_PROBLEM STATEMENT:_
Beginning with the line that includes "Subaru Outback 2.5i Premium SUV", return every remaining line of the material exactly as it reads, but not the pictures.

--- START ---

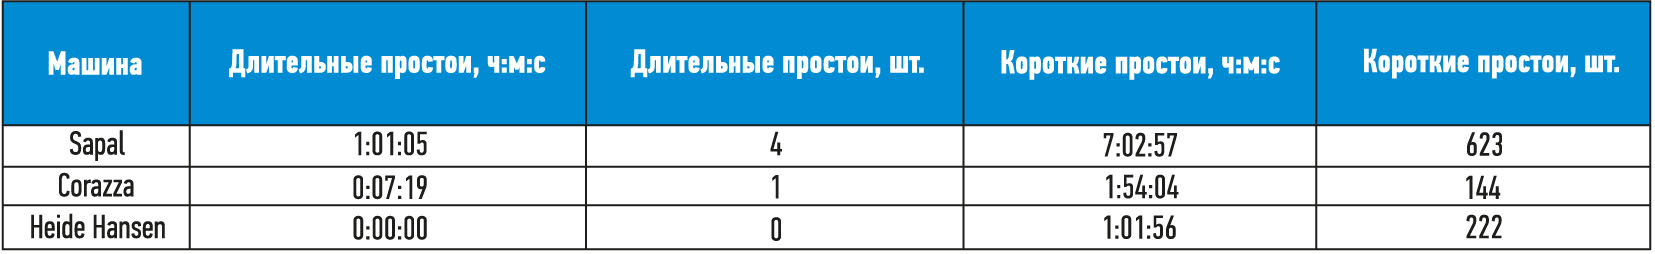 Рис. 8. Вид таблицы простоев
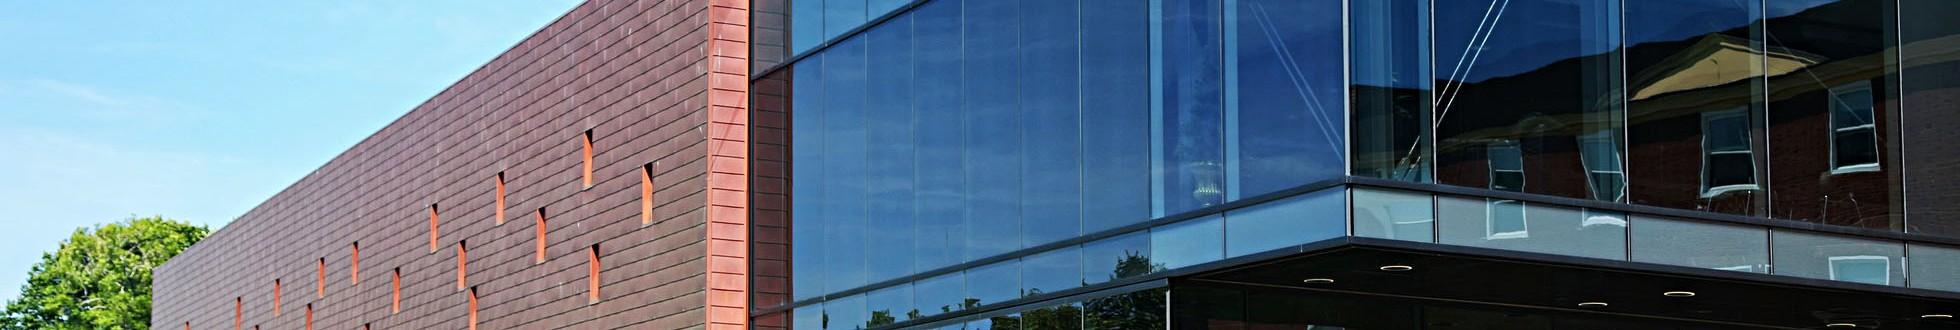 Professionele cementsluier verwijdering van glas
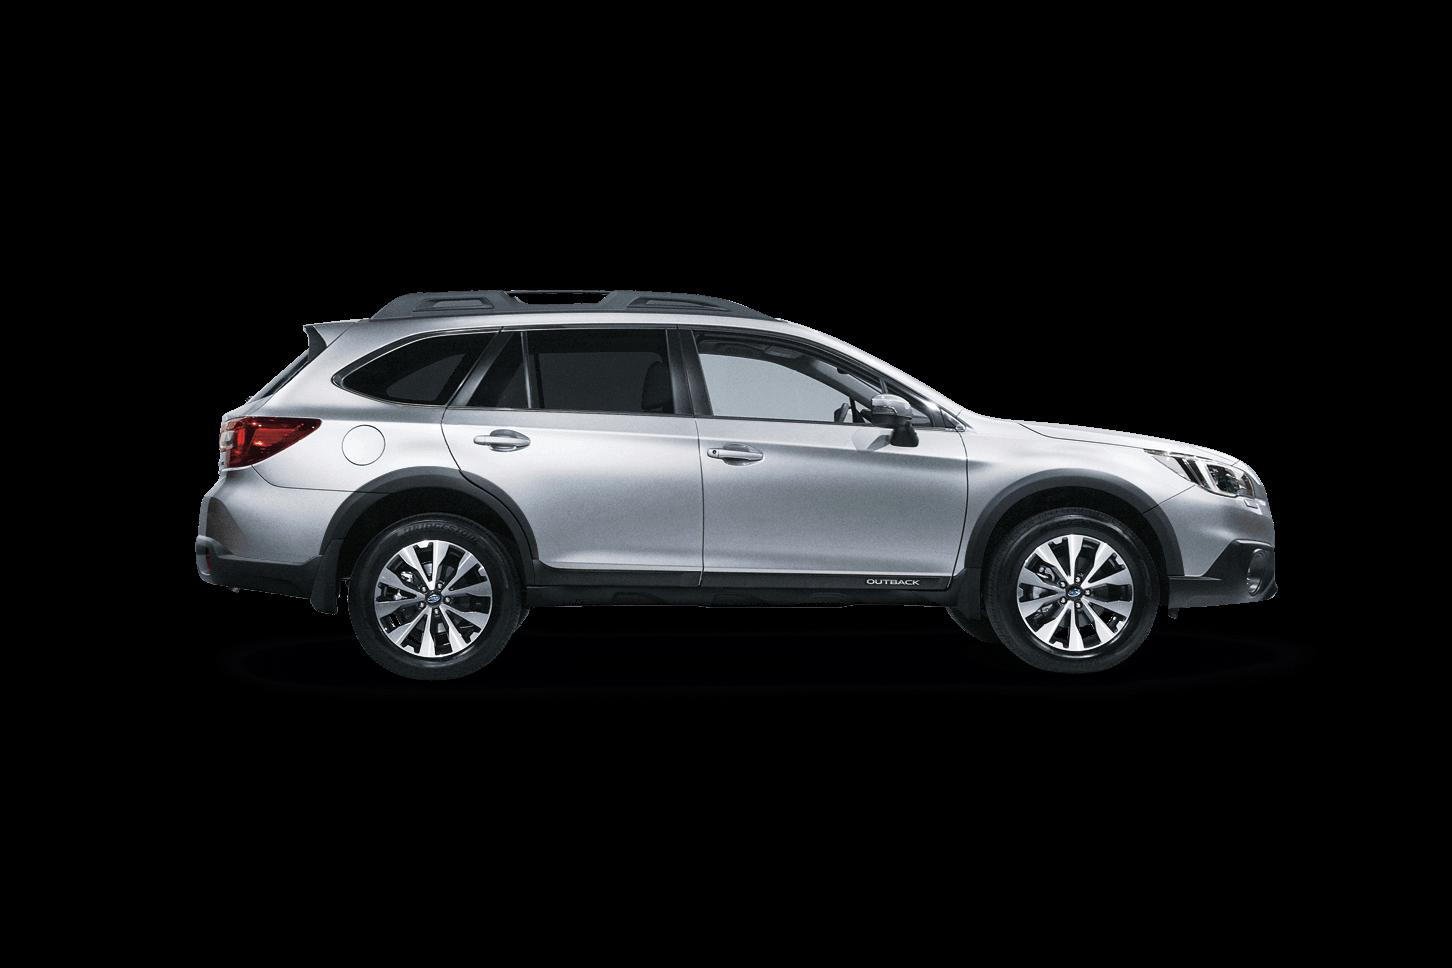 Subaru Outback 2.5i Premium SUV
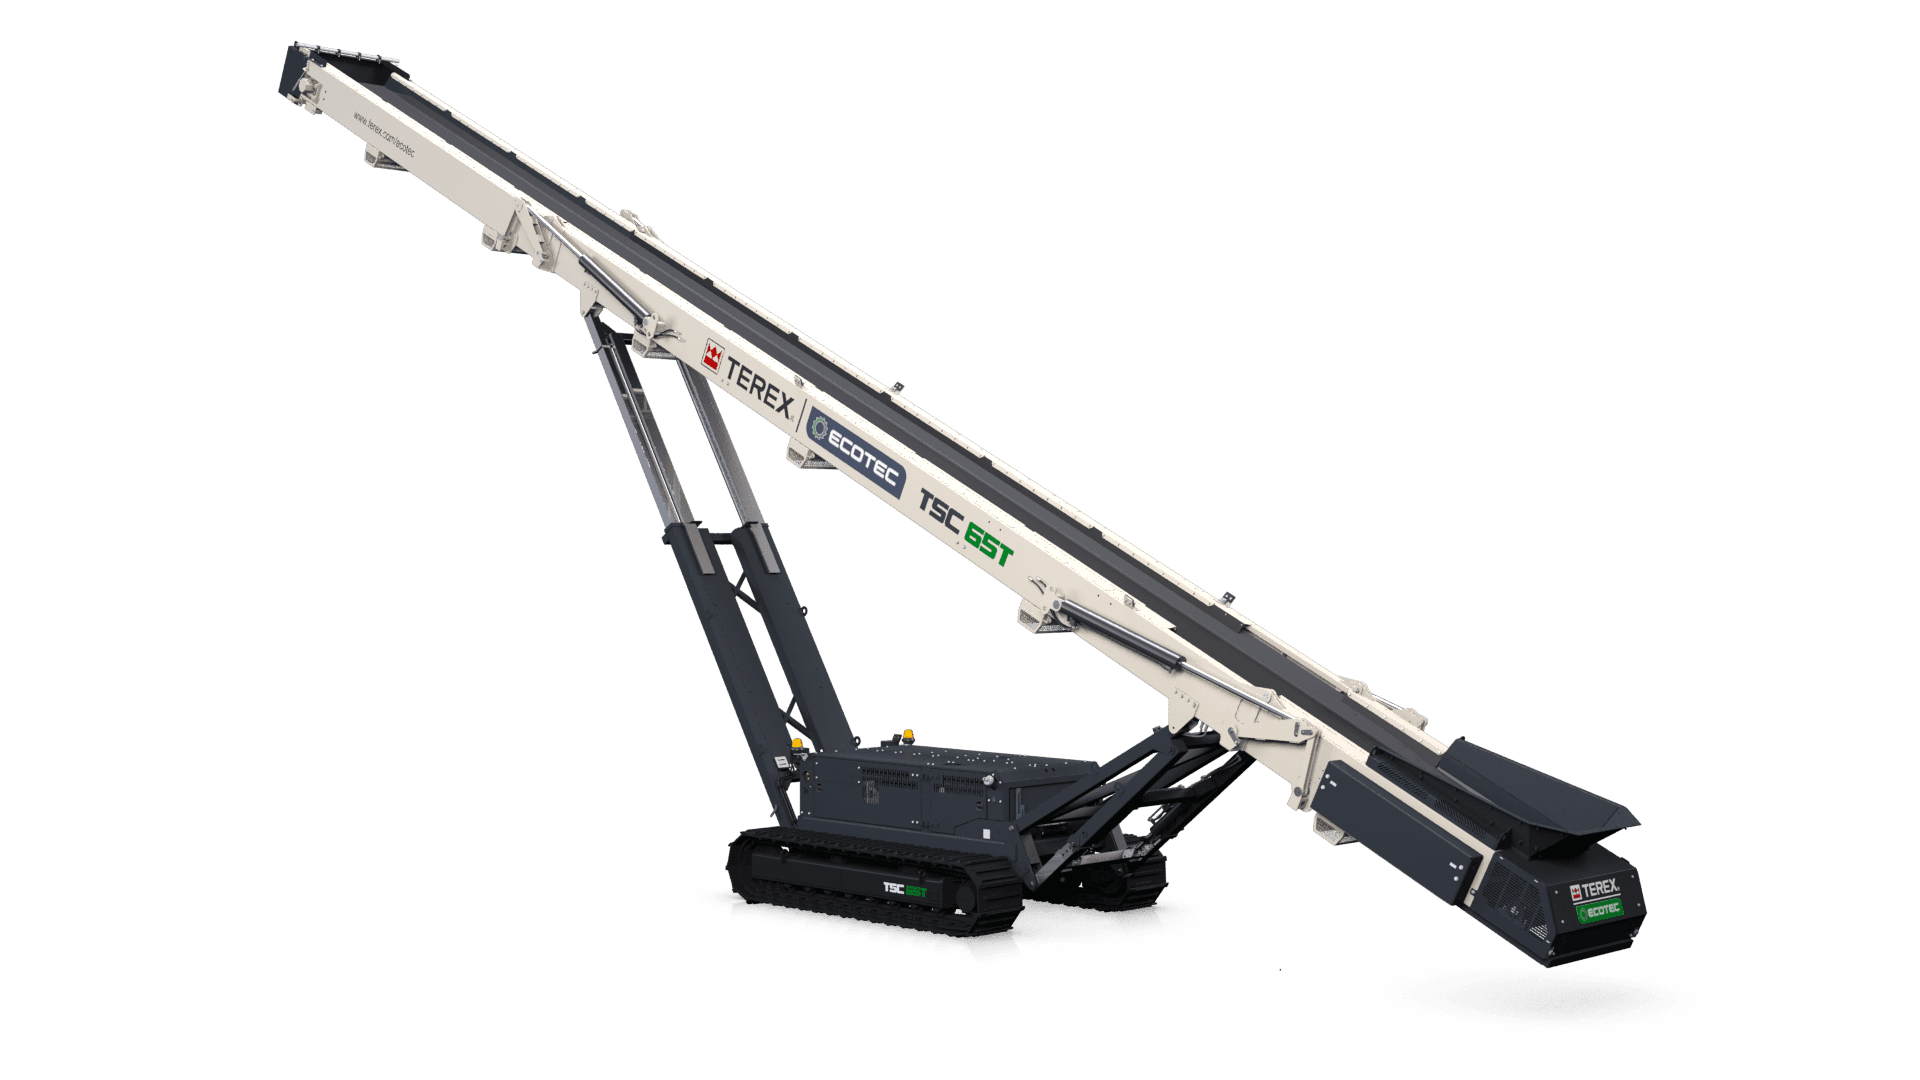 Ecotec TSC 65 tracked stacker
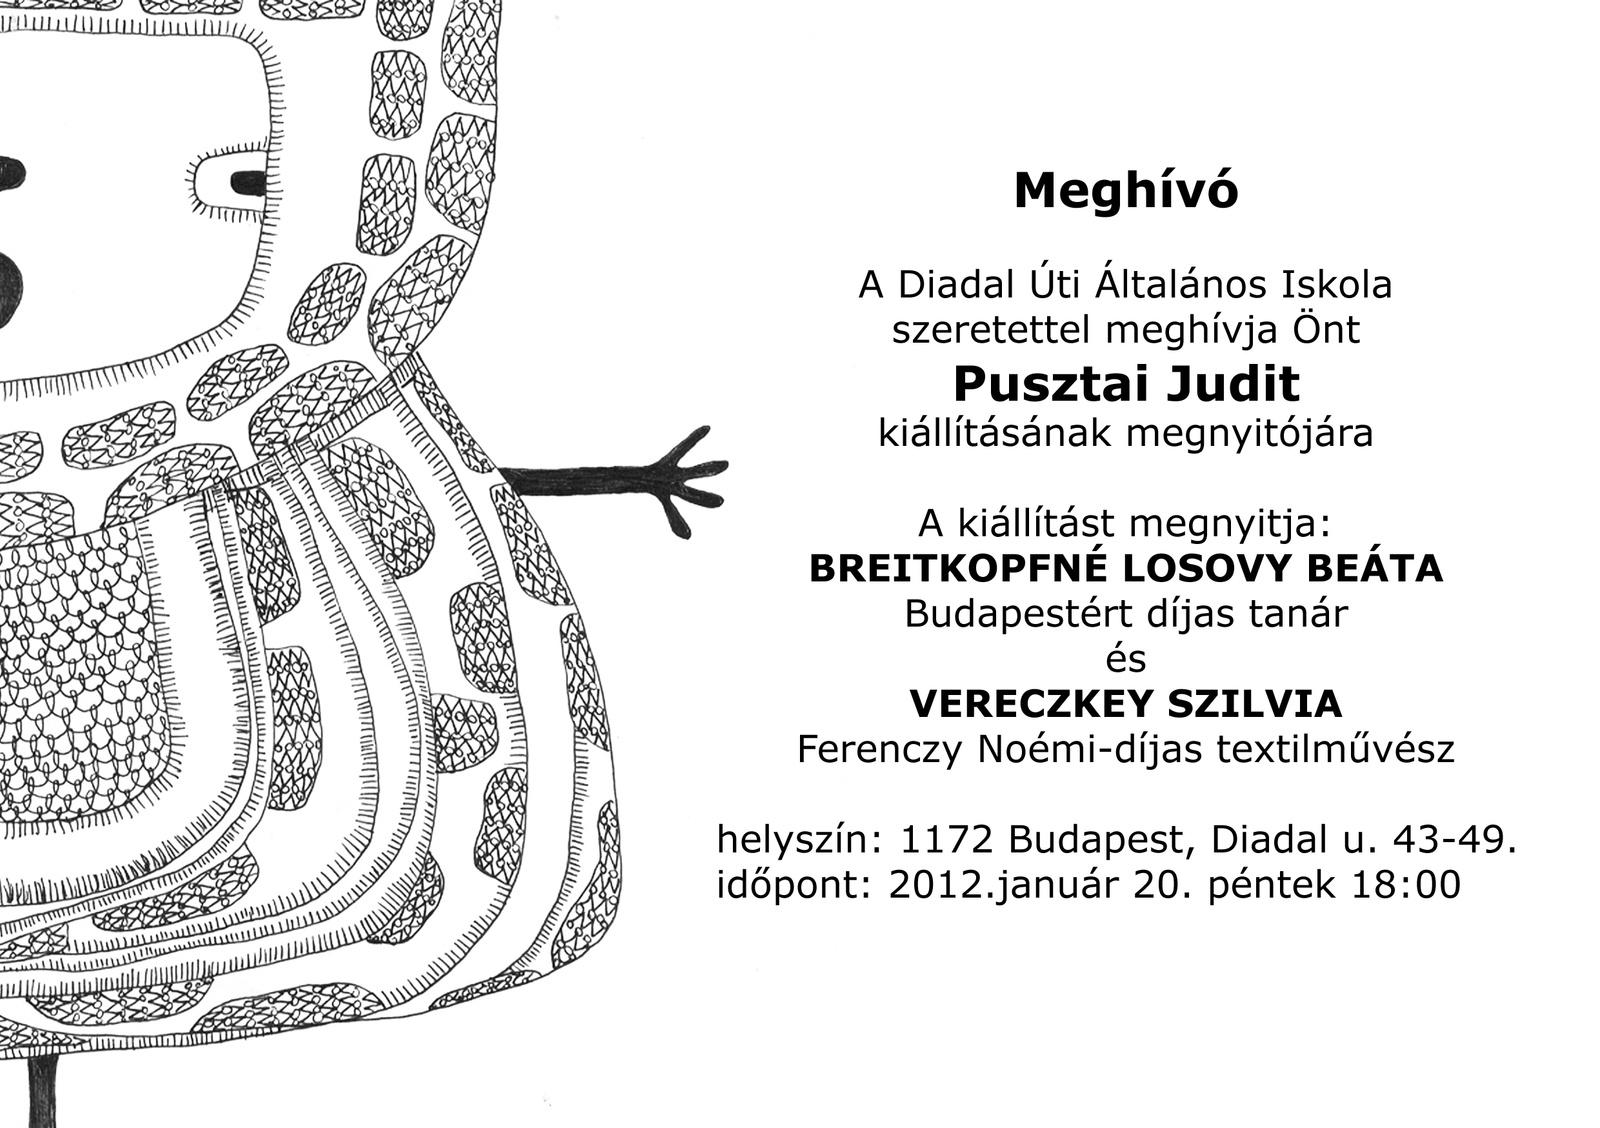 Pusztai kiállítás meghívó 2012.01.

--- END ---

_RESPONSE:_
 Subaru Outback 2.5i Premium SUV
 Ecotec TSC 65 tracked stacker
 Pusztai kiállítás meghívó 2012.01.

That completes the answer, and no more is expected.